Summary: Ultra-long context can bring true productivity applications; however, insufficient output length still limits model capabilities; Kimi Chat, like Gemini, has essentially found a method for "lossless compression" of ultra-long context; in reality, models are still unstable, and every upgrade can lead to inconsistencies in output results.
Why is it that "context input length keeps increasing, yet output length has seen no significant improvement"? My preliminary answer is: increasing context input length has little impact on model pre-training and may not even require re-training, whereas increasing output length likely requires re-training and increases pre-training time at least linearly.
Where can ultra-long context be applied?
Batch document processing
Processing ultra-long video and audio: lecture or speech videos, long meeting minutes...
Knowledge synthesis and comparison, long-text translation, financial analysis, understanding of novels and scripts...
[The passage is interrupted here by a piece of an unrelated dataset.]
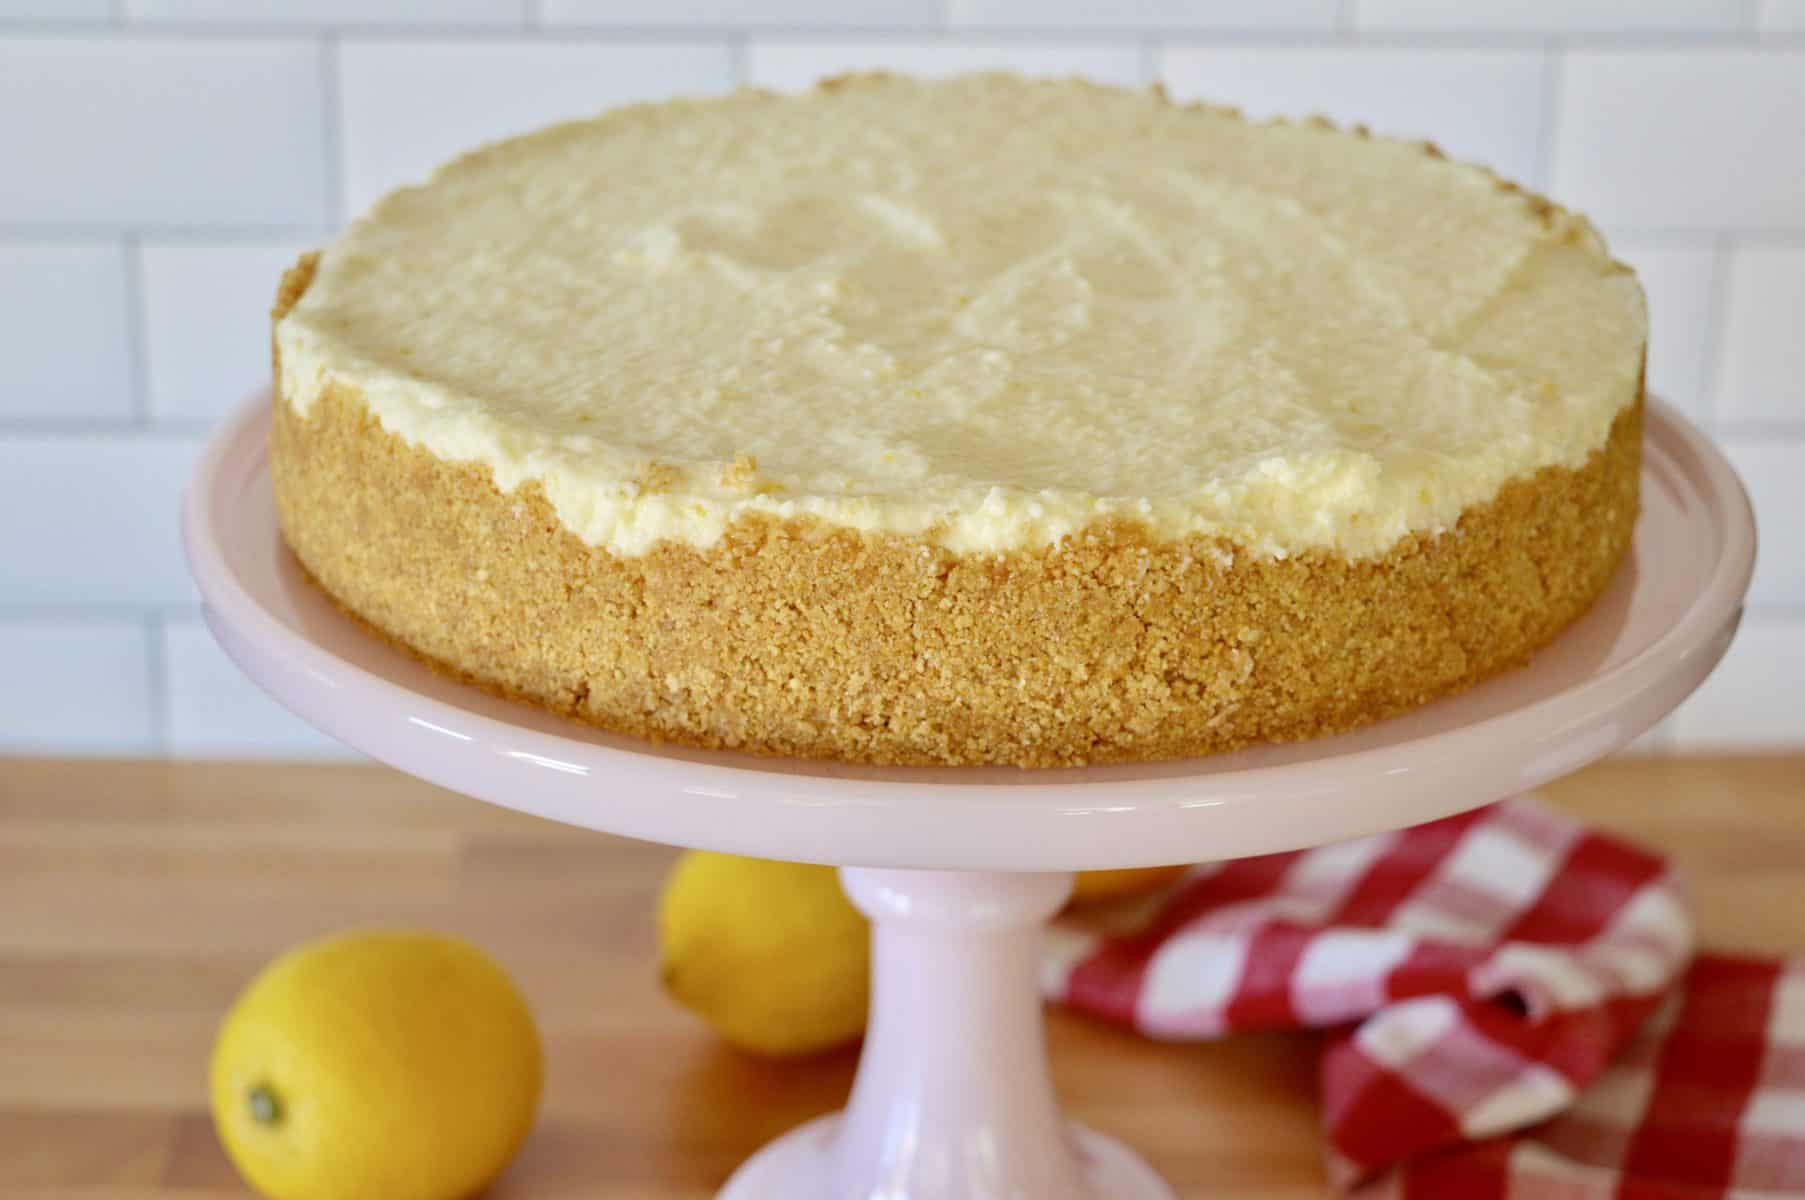 ungarnished no-bake lemon mascarpone cheesecake on a pink cake pedestal.

Yes, ultra-long context is something I have always anticipated, and we continue to perform various application tests across different scenarios. However, as usage deepens, it continuously changes some of my perceptions:
Large models today are no longer a simple single neural network or MoE of a certain parameter scale, but a complex of a series of models and technologies. For instance, the "lossless compression" technology for ultra-long context is coupled with the base pre-trained model, but definitely not highly so.
I used to believe that as long as a model was "usable," the rest could be handled by developing supporting tools and code for production environments. But now it seems that "core model" capability remains the most important foundation; the three overseas leaders (GPT-4, Claude 3, Gemini) clearly have a very distinct advantage in this regard.
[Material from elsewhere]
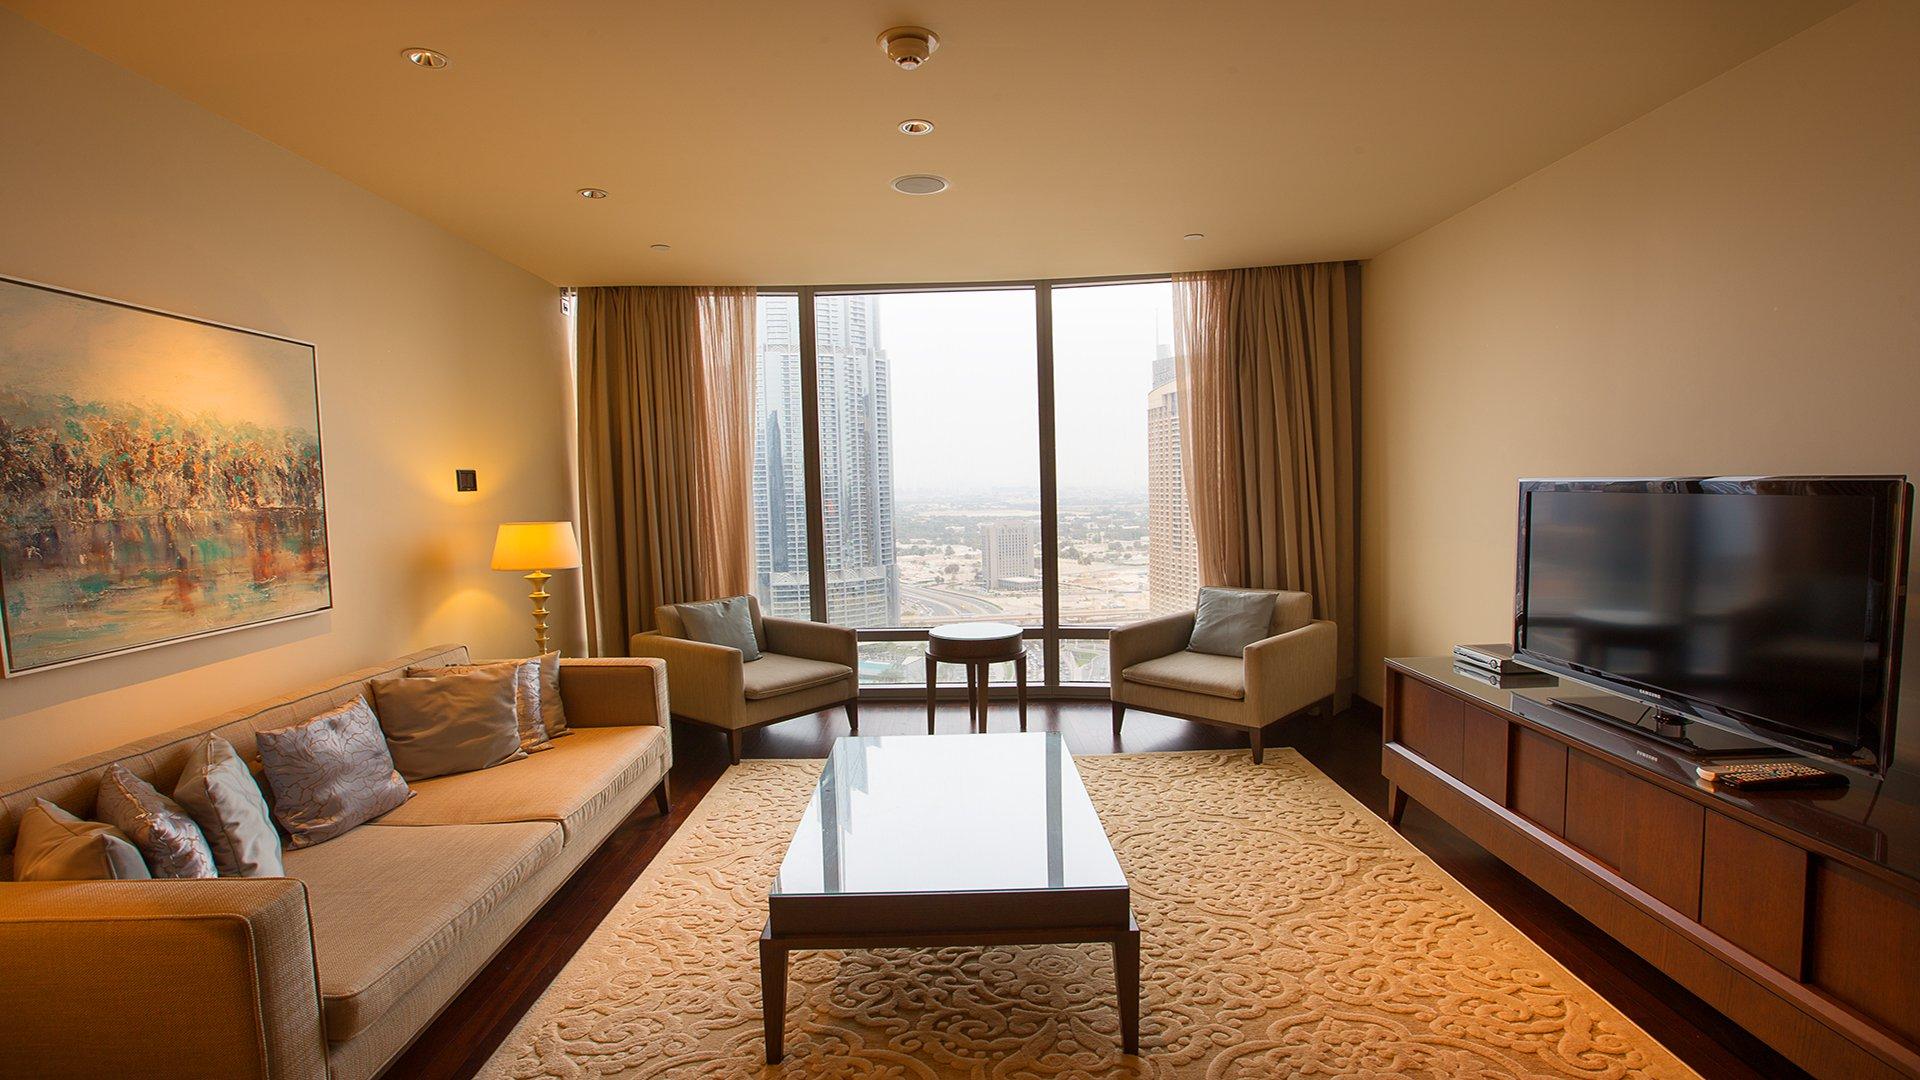 Ad Sale Apartment Downtown Dubai Burj Khalifa ref:V0342DU

The output of large models remains very unstable. Even if the application scenario, input data, and prompt remain unchanged, the output results can vary greatly. This remains a massive challenge for application deployment. This might also be the most important reason why OpenAI's API retains as many historical version options as possible.
I have always believed that AI can continuously lower the barrier to entry—from an average user's perspective, this might be true. But from an application deployment perspective, it might be a different story. The deeper the degree of model application, the higher the requirements for understanding and integrating the model itself, scenarios, and technology: when the model itself can solve over 90% of the problems, the threshold for solving the remaining 10% is likely higher than before.
We can only look forward to the next better one.